Еще она сказала, что хочет быть писателем, а «писателю нужна свобода выражать мысли». «Процесс С. и Д. произвел жуткое впечатление на нашу интеллигенцию». Он лишил С[ветлану] последних надежд на свободу быть писателем. <…>
Вечером с 9 до 10 часов «Г. А.» [радиостанция «Голос Америки»] передает полный текст прессконференции Светланы Аллилуевой. Хорошо слышно. Перед этим англичане передали передовую «Таймса» <…>.
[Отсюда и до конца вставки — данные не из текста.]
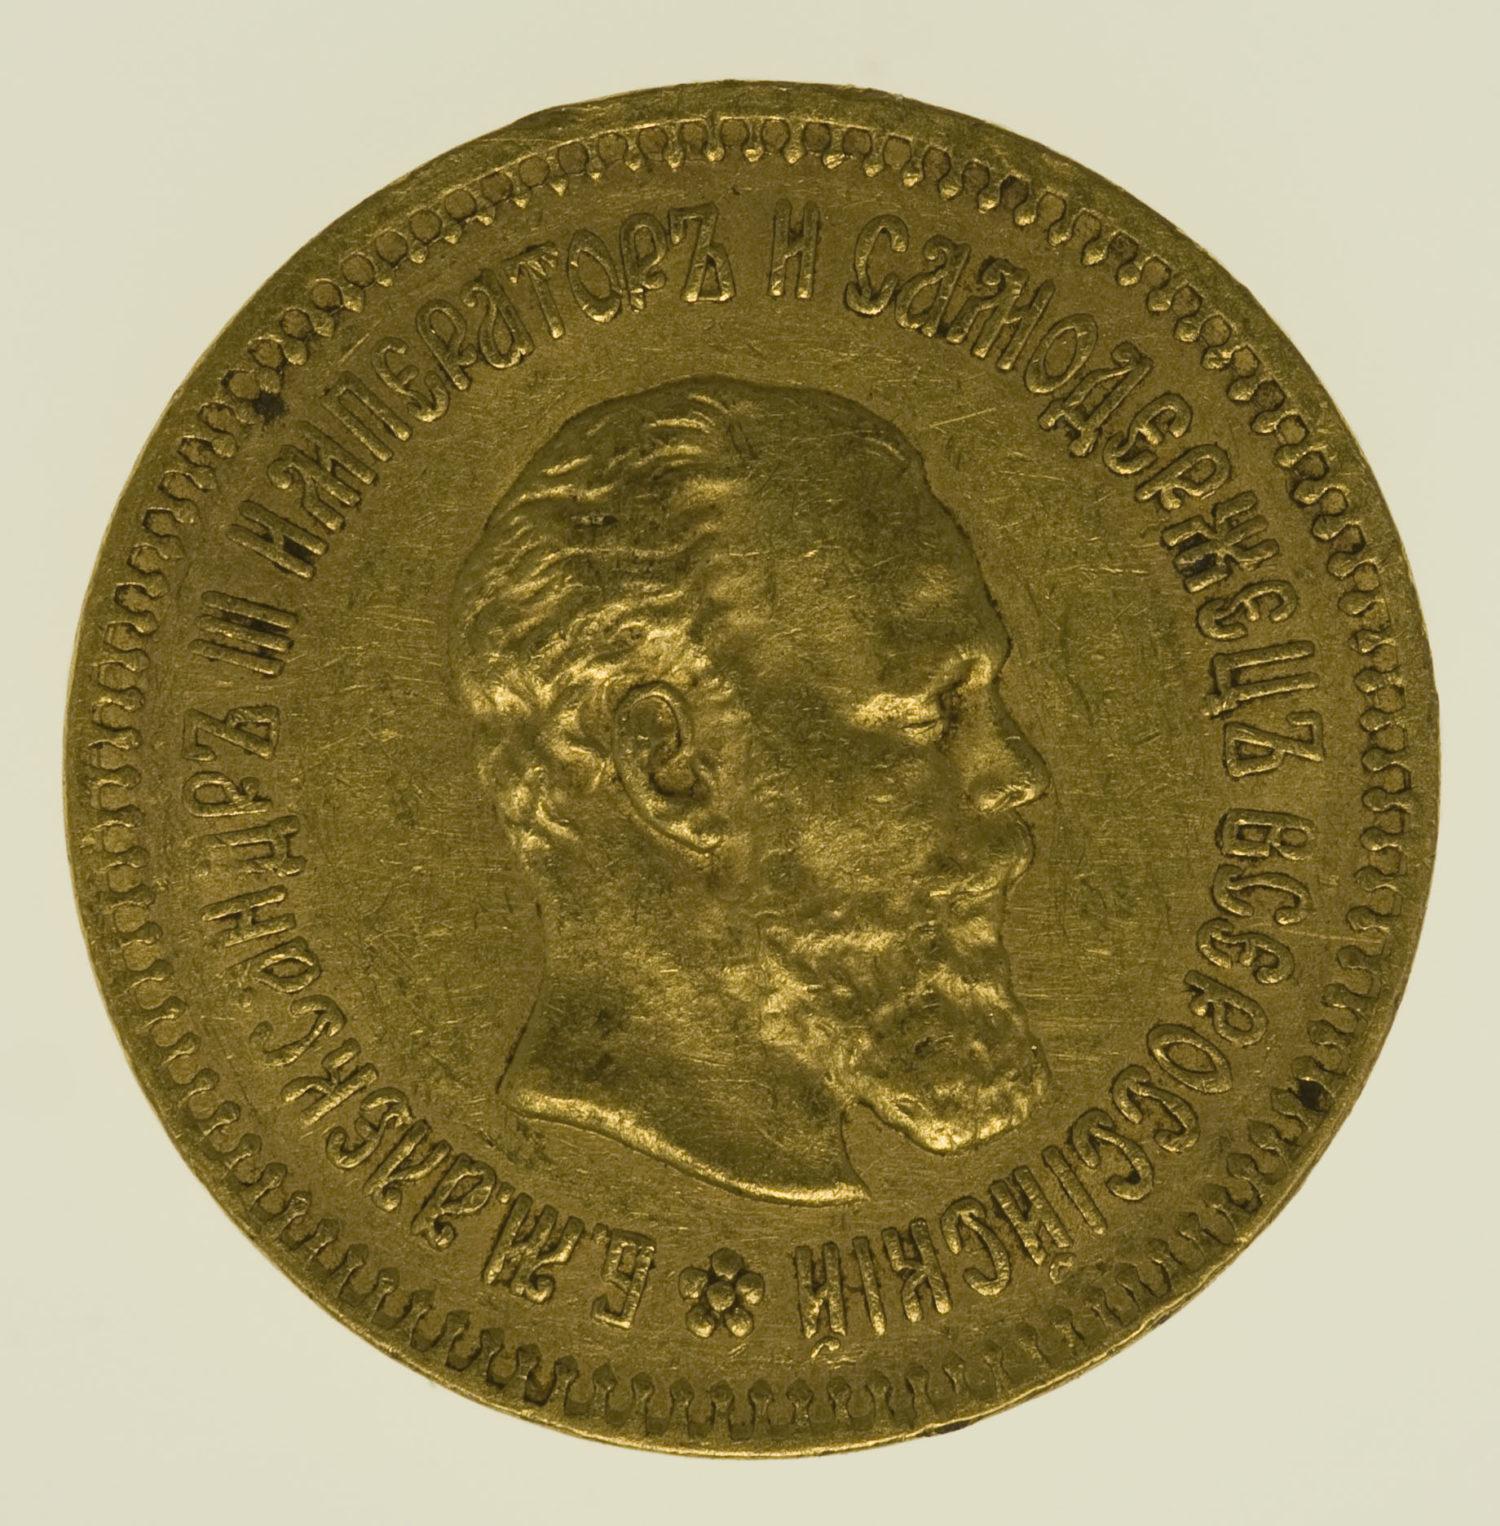 russland - Russland Alexander III. 5 Rubel 1888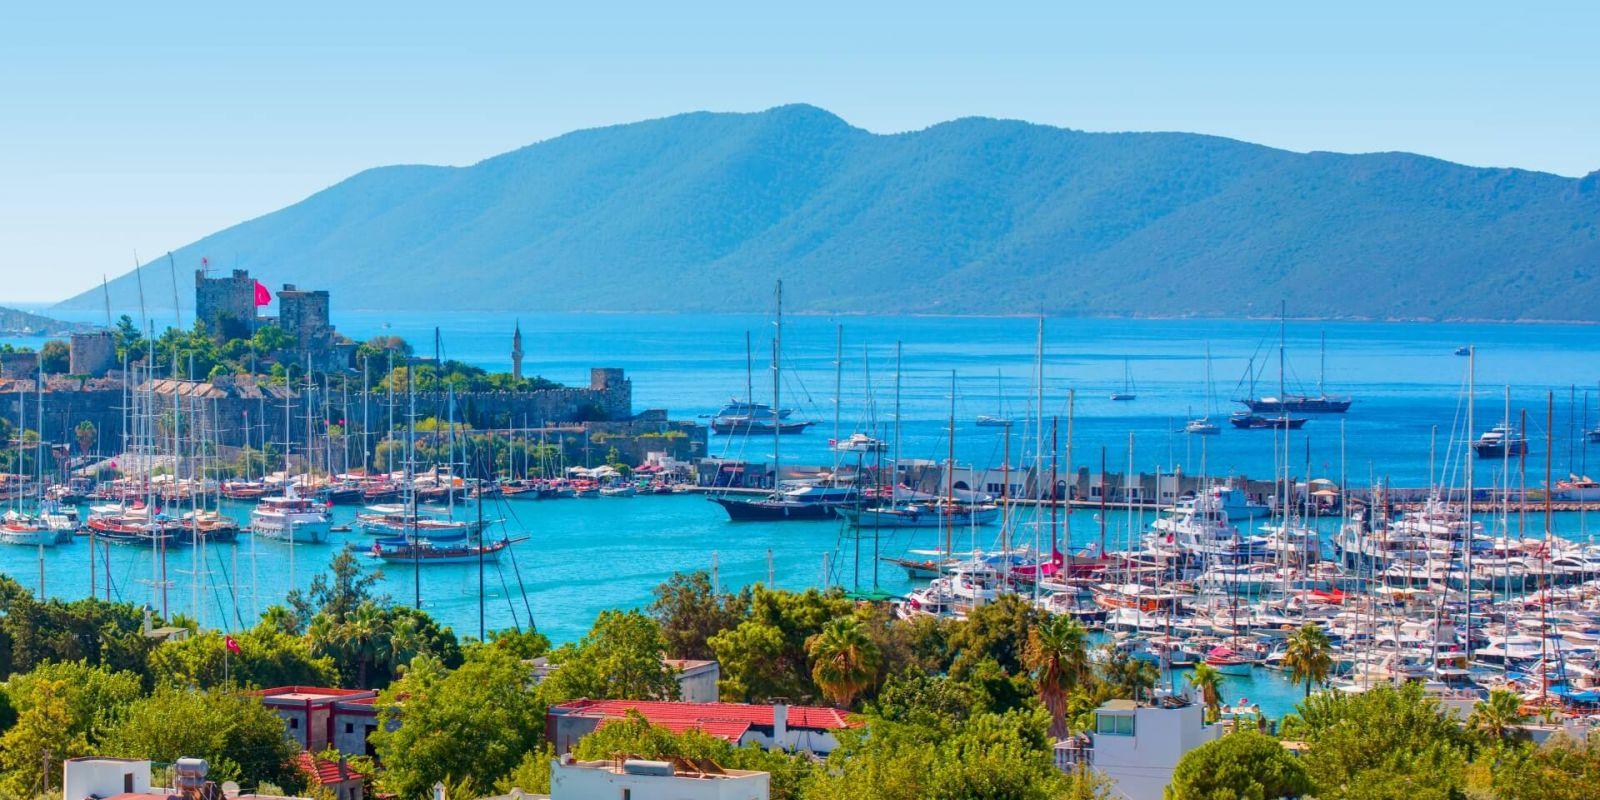 https://www.talamare.fr/medias/Panorama de Bodrum avec son château et sa marina en mer Égée lors d'une location de yacht en Turquie

Но есть интересные подробности <…>
Неумение учиться на ошибках — трагическая черта нашего руководства и это приводит его к новым ошибкам.
Повторяю: ничего нового Светлана не сказала. Все это уже общие места споров и разговоров в последние годы. Новость: публичность высказывания и резонанс. <…>
28 апреля 1967 г. Был в городе. ЦДЛ. Шаламов. Гарины.
В ЦДЛ <…>. Никто почти не скрывает одобрения[124] <…>
С Шаламовым говорили о литературе, с Гариными о моем новом кино-замысле <…>
Мы во многом сошлись с Шаламовым в оценке рукописи Н. Я.
29 апреля. Прочитал целую кипу рассказов Шаламова. Нет, мне нравится его
И я совершенно согласен с ним, где его точка зрения оспаривается, как, например, в вопросе о рецидиве[125]. Так и я увидел этот отвратительный мир, так и я рассказывал о нем, еще не читав Шаламовских рассказов.
Прочитал еще одну рукопись из серии лагерных мемуаров О. Адамовой[126]. Ее крестный путь параллелен пути Е. Гинзбург, но начался немного раньше — весной 1936 года. Интересно.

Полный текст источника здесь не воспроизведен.